En un trabajo sobre “la política k’iche’”, Gladys Tzul sostiene que las comunidades indígenas son “sistemas de gobierno, que administran y reproducen la vida cotidiana, que se organizan para la gestión colectiva del territorio comunal”. Por lo tanto, su política “no se organiza de la misma manera que la política liberal”, recuperando en este sentido la mirada de Raquel Gutiérrez sobre la política comunitaria en Bolivia: es deliberativa y no representativa, está anclada en formas de producción familiares y en la propiedad colectiva de la tierra.
No son, pues, movimientos sociales o movimientos indígenas, sino sociedades otras, diferentes a la sociedad hegemónica. Y son, también, sociedades en movimiento. Luego de la masacre de octubre de 2012, mujeres y hombres jóvenes de Totonicapán, entre ellos Gladys y su hermana Jovita, analizaron en colectivo la reforma constitucional que promueve el gobierno de Otto Pérez Molina (kaibil durante la guerra), concluyendo que bajo el manto de la “nación guatemalteca” se busca “el despojo de las tierras comunales” y la desaparición de los pueblos indígenas, relegados a reliquias culturales.
Los comuneros de Totonicapán realizaron, como apunta Gladys, “un potente trabajo analítico-práctico de investigación”, lo socializaron y lo difundieron en las asambleas comunitarias.
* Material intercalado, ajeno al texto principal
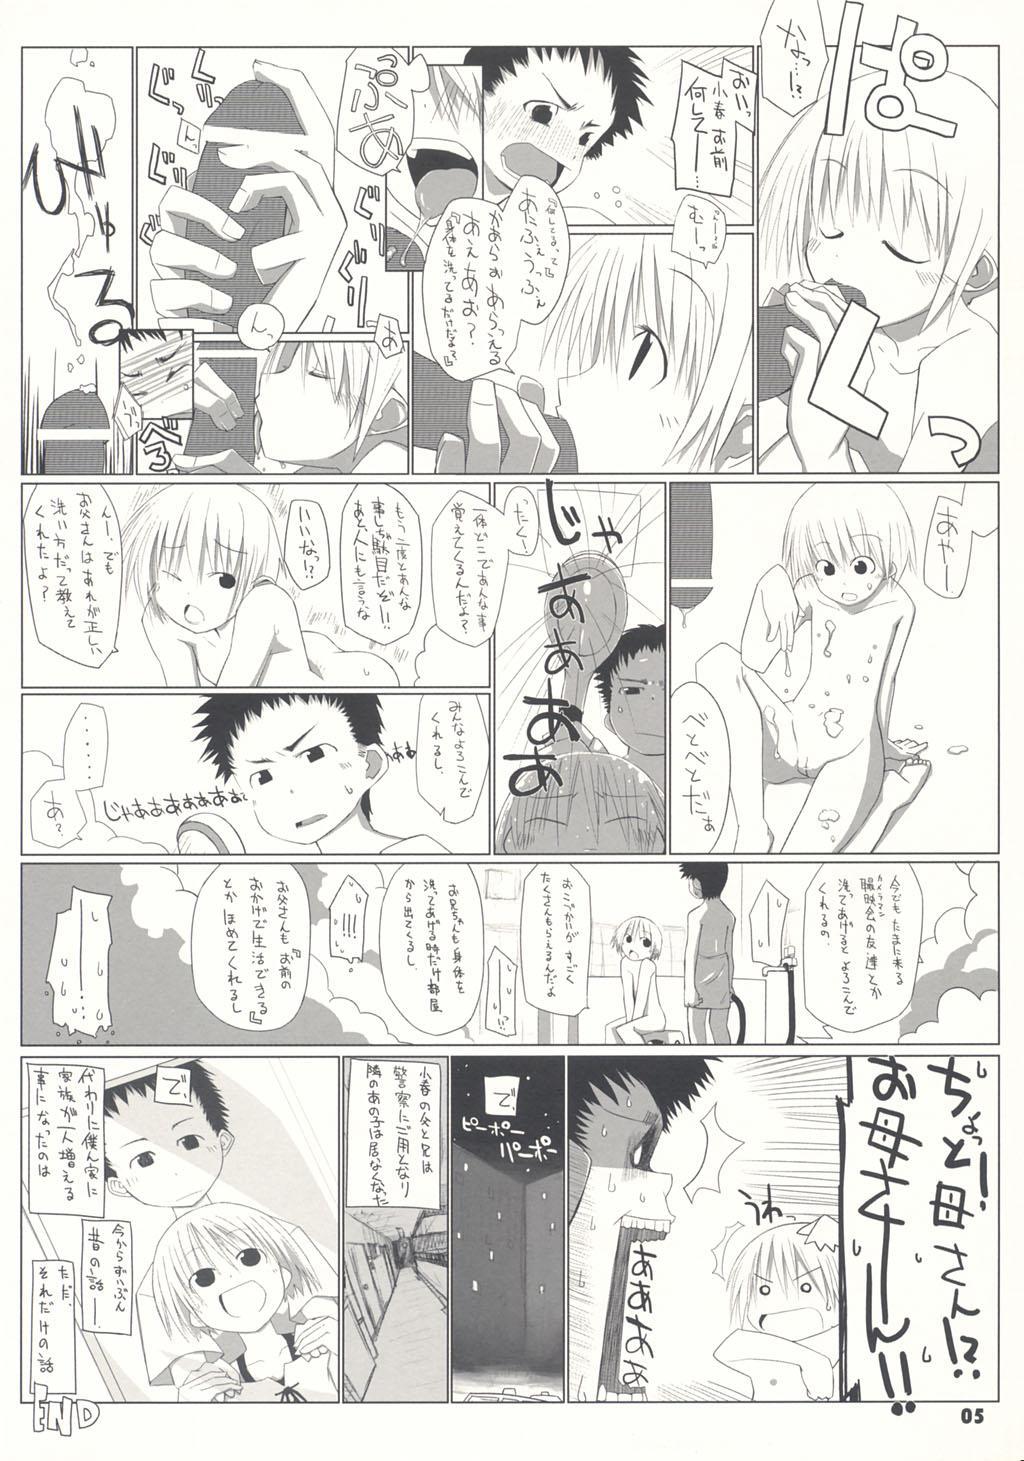 Tonari no Kimi 1-gakki 5

Luego empezaron a negociar con la empresa el uso de sus tierras, “una negociación de propietarios comunales que se presentan a negociar en colectivo”, algo que las multinacionales no están dispuestas a tolerar. Ese es, en este caso concreto, el escenario de fondo de la violencia y las amenazas.
La historia de los oprimidos, escribió Walter Benjamin en Tesis sobre la historia, nos enseña que “el estado de excepción” es la regla. Giorgio Agamben en Homo Sacer agrega algo más perturbador aún: “El campo de concentración y no la ciudad es hoy el paradigma biopolítico de Occidente”. Añade que desde los campos de concentración “no hay retorno posible a la política clásica” y que es desde estos “terrenos inciertos” donde debemos pensar las formas de una nueva política.
Los pueblos mayas, a un lado y otro de la frontera, están empujando los límites del campo, tentando la solidez de las alambradas y de las casamatas. Esa es su historia larga, de cinco siglos; y, en particular, la de los últimos cuarenta, cincuenta años. El desafío es doble y nos incluye, porque las murallas del campo sólo pueden ser derribadas presionando desde los dos lados, de adentro y de afuera.